- Opening Delimiter -

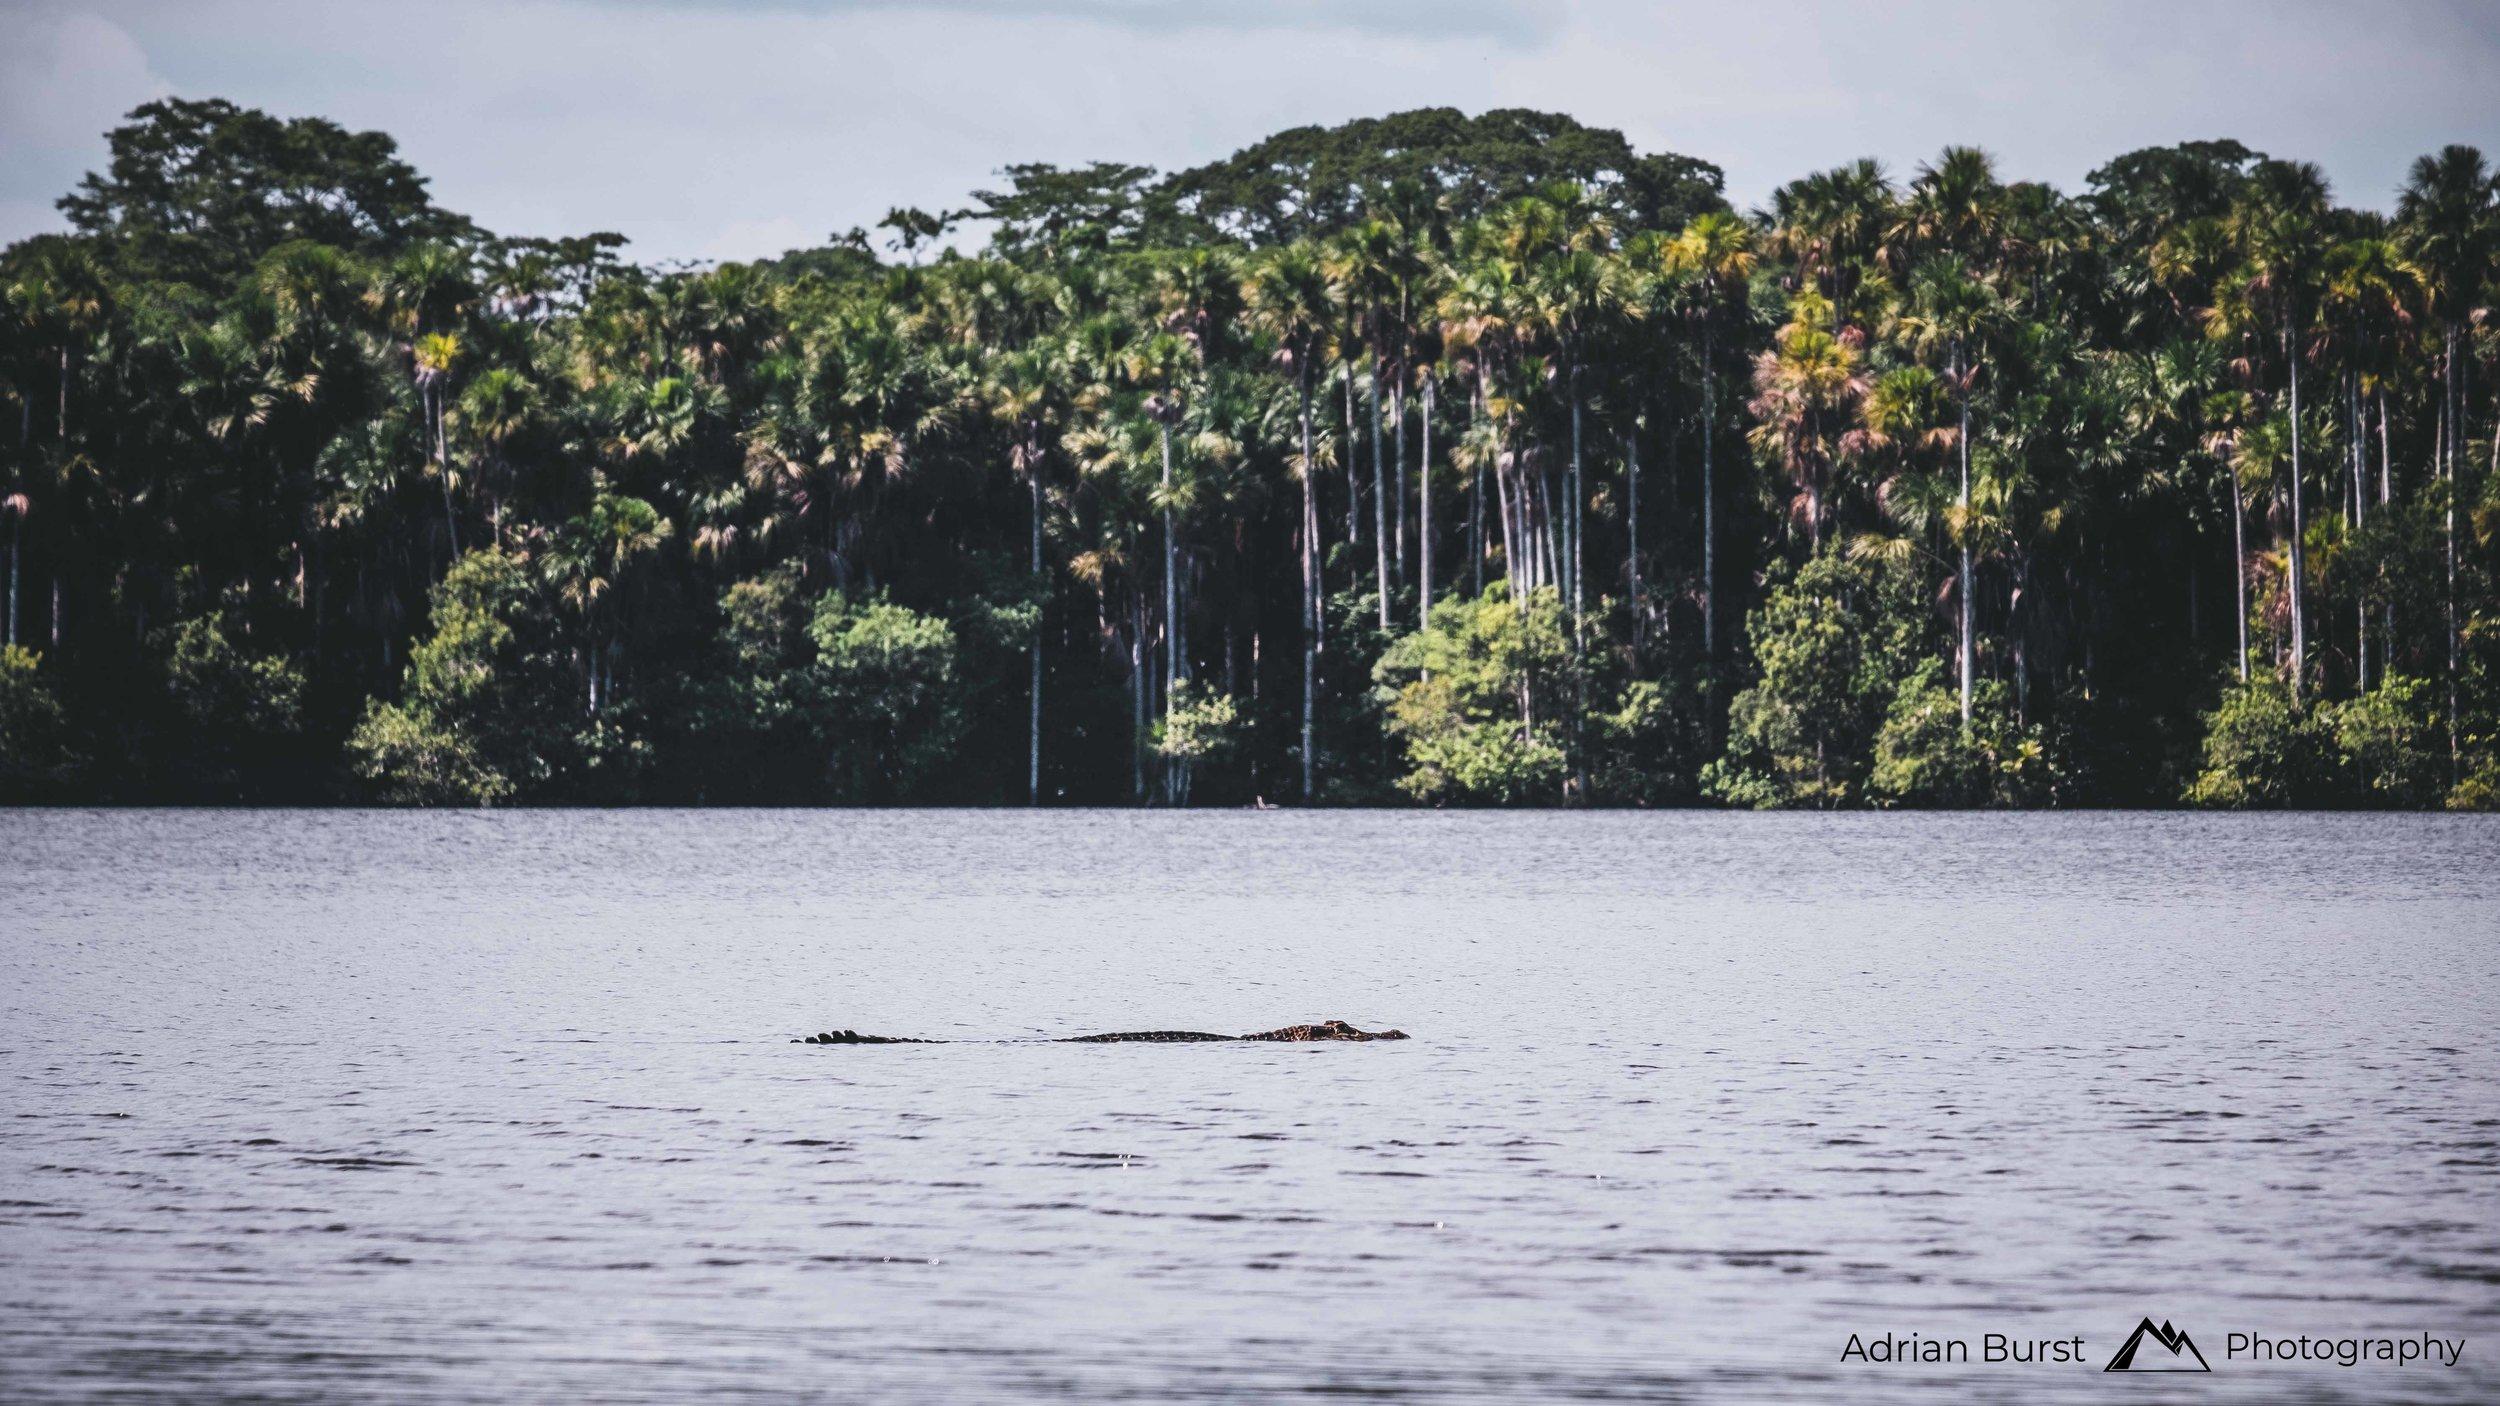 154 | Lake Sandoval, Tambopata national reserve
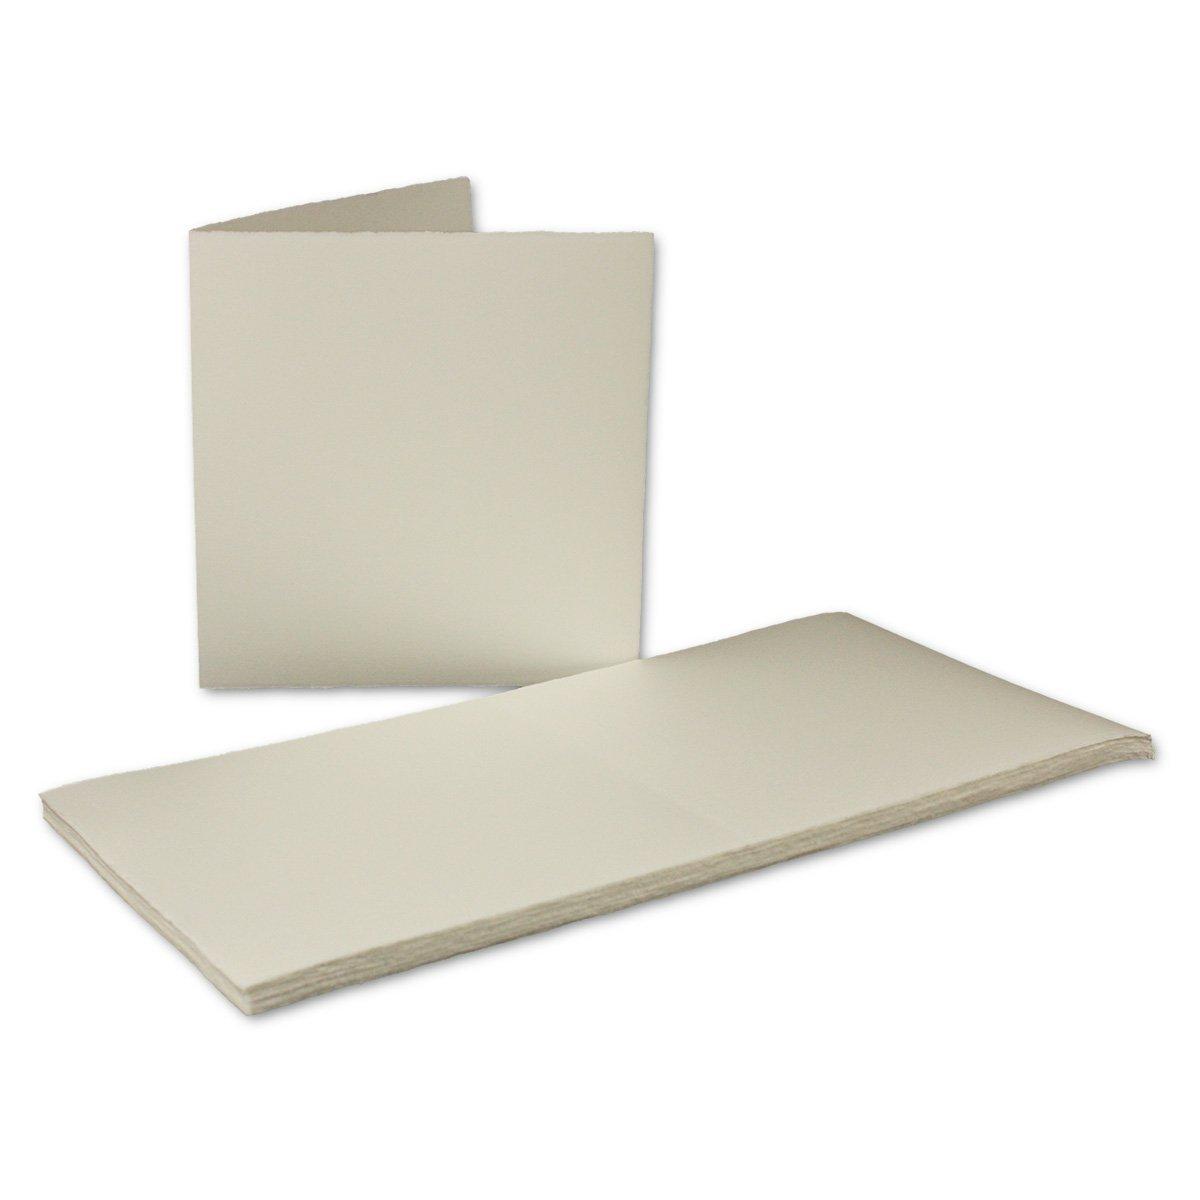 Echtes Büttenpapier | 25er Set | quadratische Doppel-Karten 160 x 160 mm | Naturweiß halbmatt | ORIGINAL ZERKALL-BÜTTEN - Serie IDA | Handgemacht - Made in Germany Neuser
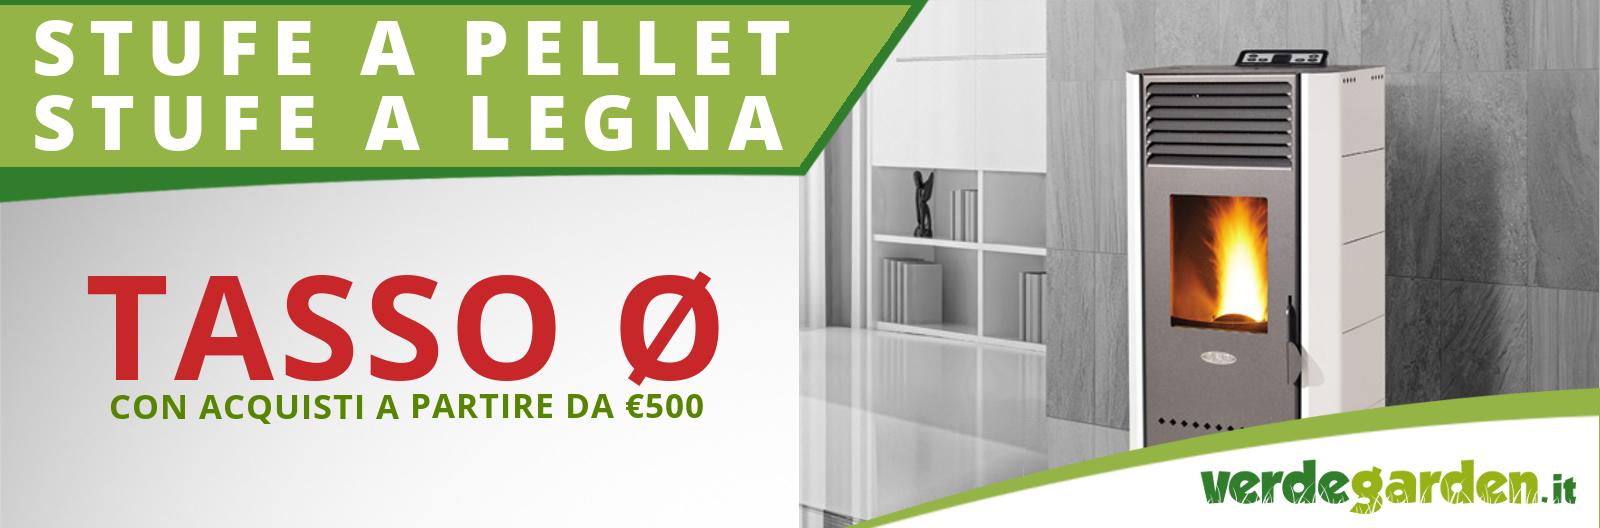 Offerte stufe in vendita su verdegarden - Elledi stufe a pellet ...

- Closing Delimiter -

▶ _Task_
Text only, please: give the listing again word for word with no images.

▶ _Answer to the problem_
 154 | Lake Sandoval, Tambopata national reserve
 Echtes Büttenpapier | 25er Set | quadratische Doppel-Karten 160 x 160 mm | Naturweiß halbmatt | ORIGINAL ZERKALL-BÜTTEN - Serie IDA | Handgemacht - Made in Germany Neuser
 Offerte stufe in vendita su verdegarden - Elledi stufe a pellet ...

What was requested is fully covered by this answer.